2. My issues are so textbook I feel like it’d be almost insulting to the therapist. Not even textbook, it’s fucking “Cat’s in the Cradle.” I’d explain what’s wrong and the therapist would be like, “Really? You want to pay me to fix this? Go listen to some pop music and Google some shit — you’re smart, you’ll figure it out.” (My therapist gives me an inordinate amount of credit — she’s super impressed when I take out the garbage and thinks my navel-gazing introversion is a good thing — she calls it “self-awareness,” I call it “narcissism.”)

* I have a friend who’s like me in being a complete stubborn ass about therapy, like we KNOW we need it, but UGH. Because I can’t speak for him, but “my problems aren’t real problems, I should just learn to deal.” So when I told him my therapist was a LMFT — licensed marriage and family therapist — and worried if that was really what I needed. And my FELLOW STUBBORN ASS says, “I don’t know… you have a LOT of issues with your family.” So… I guess I can take that to the bank. Or to the therapist. FUCK. I have to talk about real shit and not just “stepping out of my comfort zone” by attending a burlesque class. Tell you what — I’ll do burlesque FOR A LIVING if I don’t have to talk about my family. (<– That sentence right there? Part of my patented Prostitute Starter Set. Thankfully I’m too old to be a profitable prostitute. I CAN, however, troll the dudes on OurTime.com and give them a helluva Girlfriend Experience.)
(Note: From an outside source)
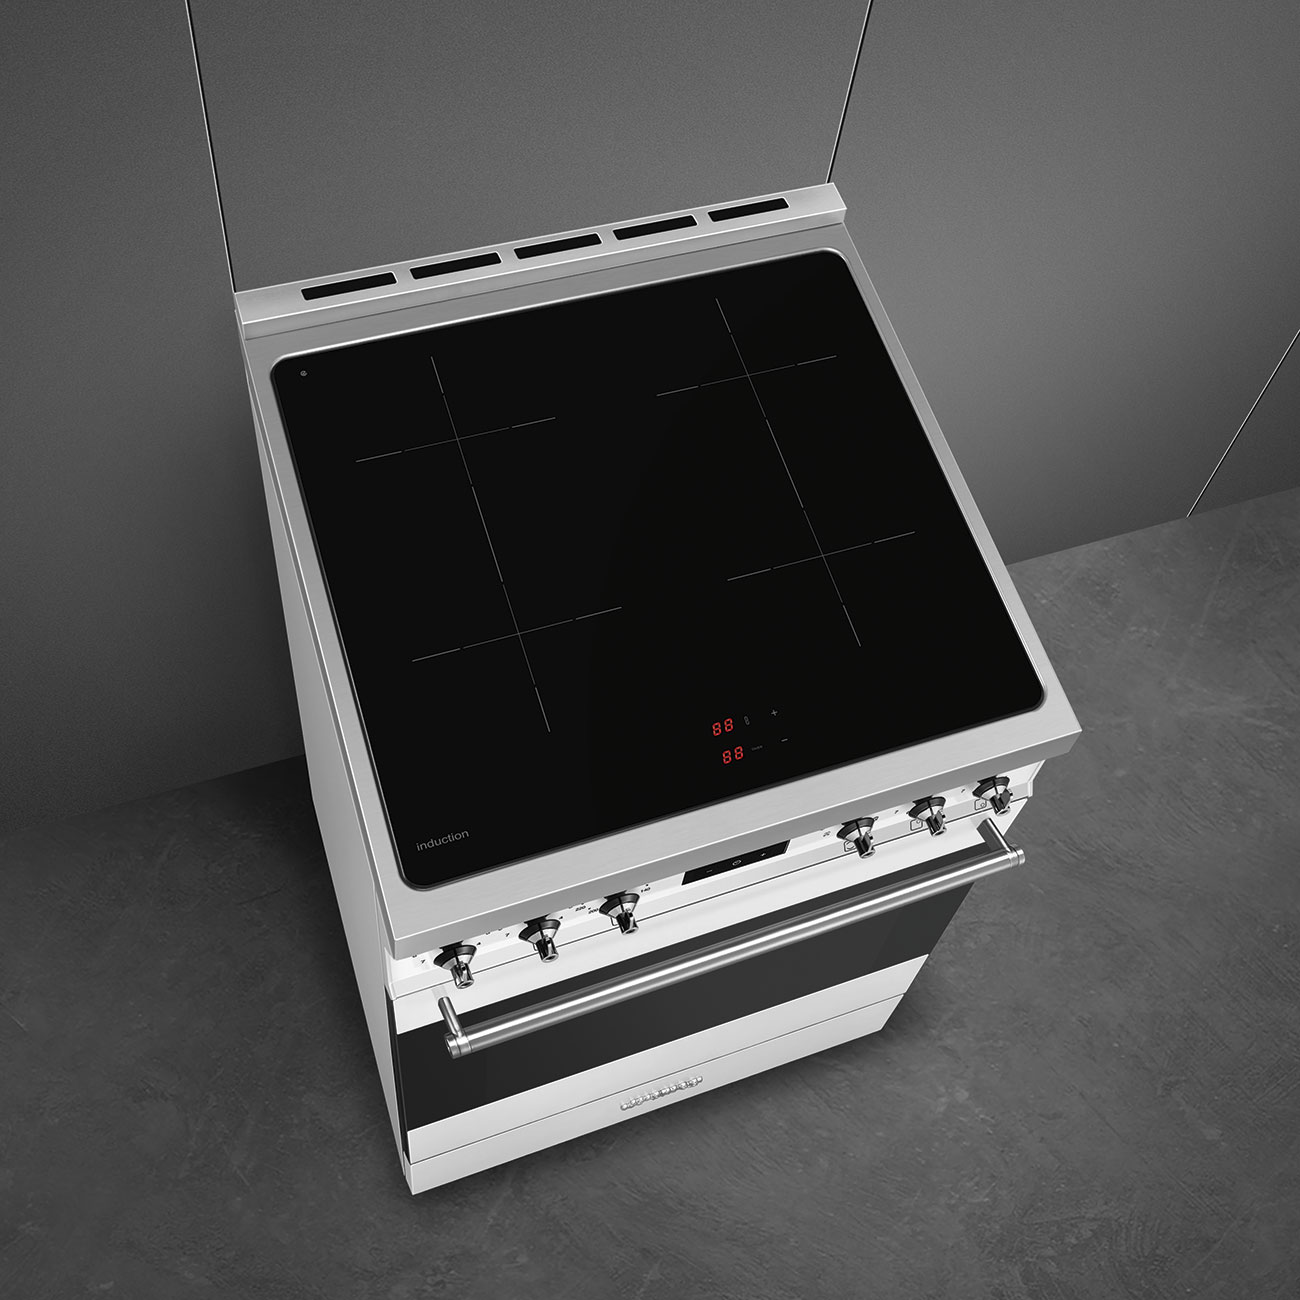 Smeg White Cooker with Induction Hob_6

…I’ve lost control of this post so I’m going to go get more coffee.

Je m’appelle Uptight ’80s Virgin

A lady-friend who’s my opposite in all the best ways told me she chose “Yvette” as part of her burlesque stage name because it was her name in high-school French class.
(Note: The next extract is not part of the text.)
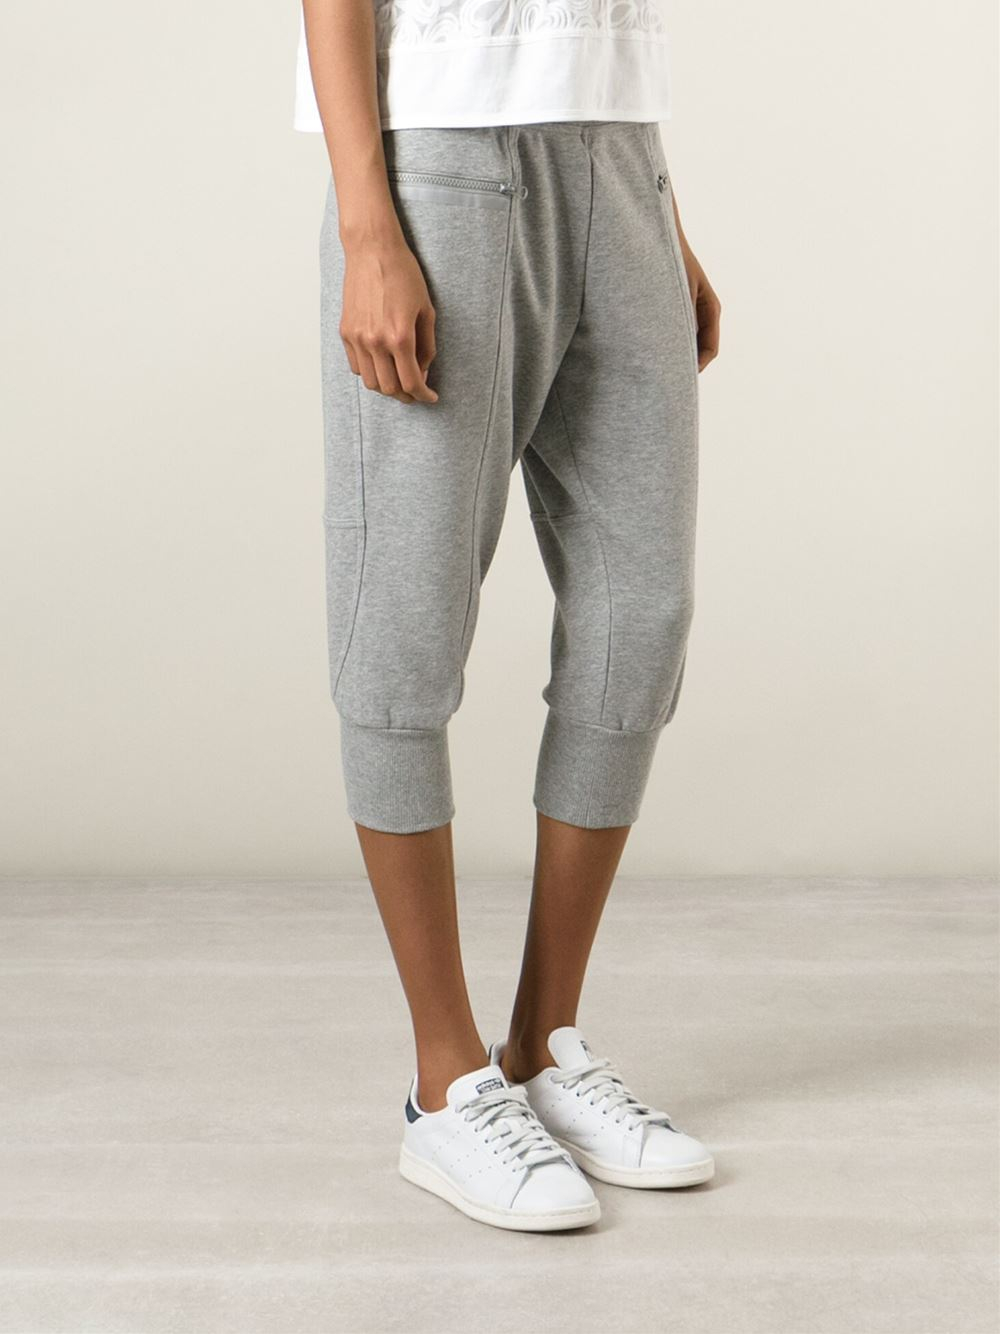 Adidas by stella mccartney Cropped Track Pants in Gray (grey) | Lyst

MY French class name was Claire, which I didn’t even consider at the time was the name of the uptight virgin in “The Breakfast Club.”

This seems fitting.

Embracing my sexuality via total embarrassment.

Today I took an Intro to Burlesque class at Kink Shoppe, which means I turned BEET red as I flaunted my flat ass in front of a room full of people, took my shirt off (tank top underneath), and had it reaffirmed that it’s hot when I play with my hair.  

My inner goddess is still super awkward.

I just registered for an Intro to Burlesque dance class, because clearly I don’t feel awkward ENOUGH on the daily, I have to pay to be reminded I lack sex appeal.

Selecting the proper workout ensemble has never quite felt this important. I wonder what the odds are I could configure a bra under here. (Yeah, I know — slim to none.)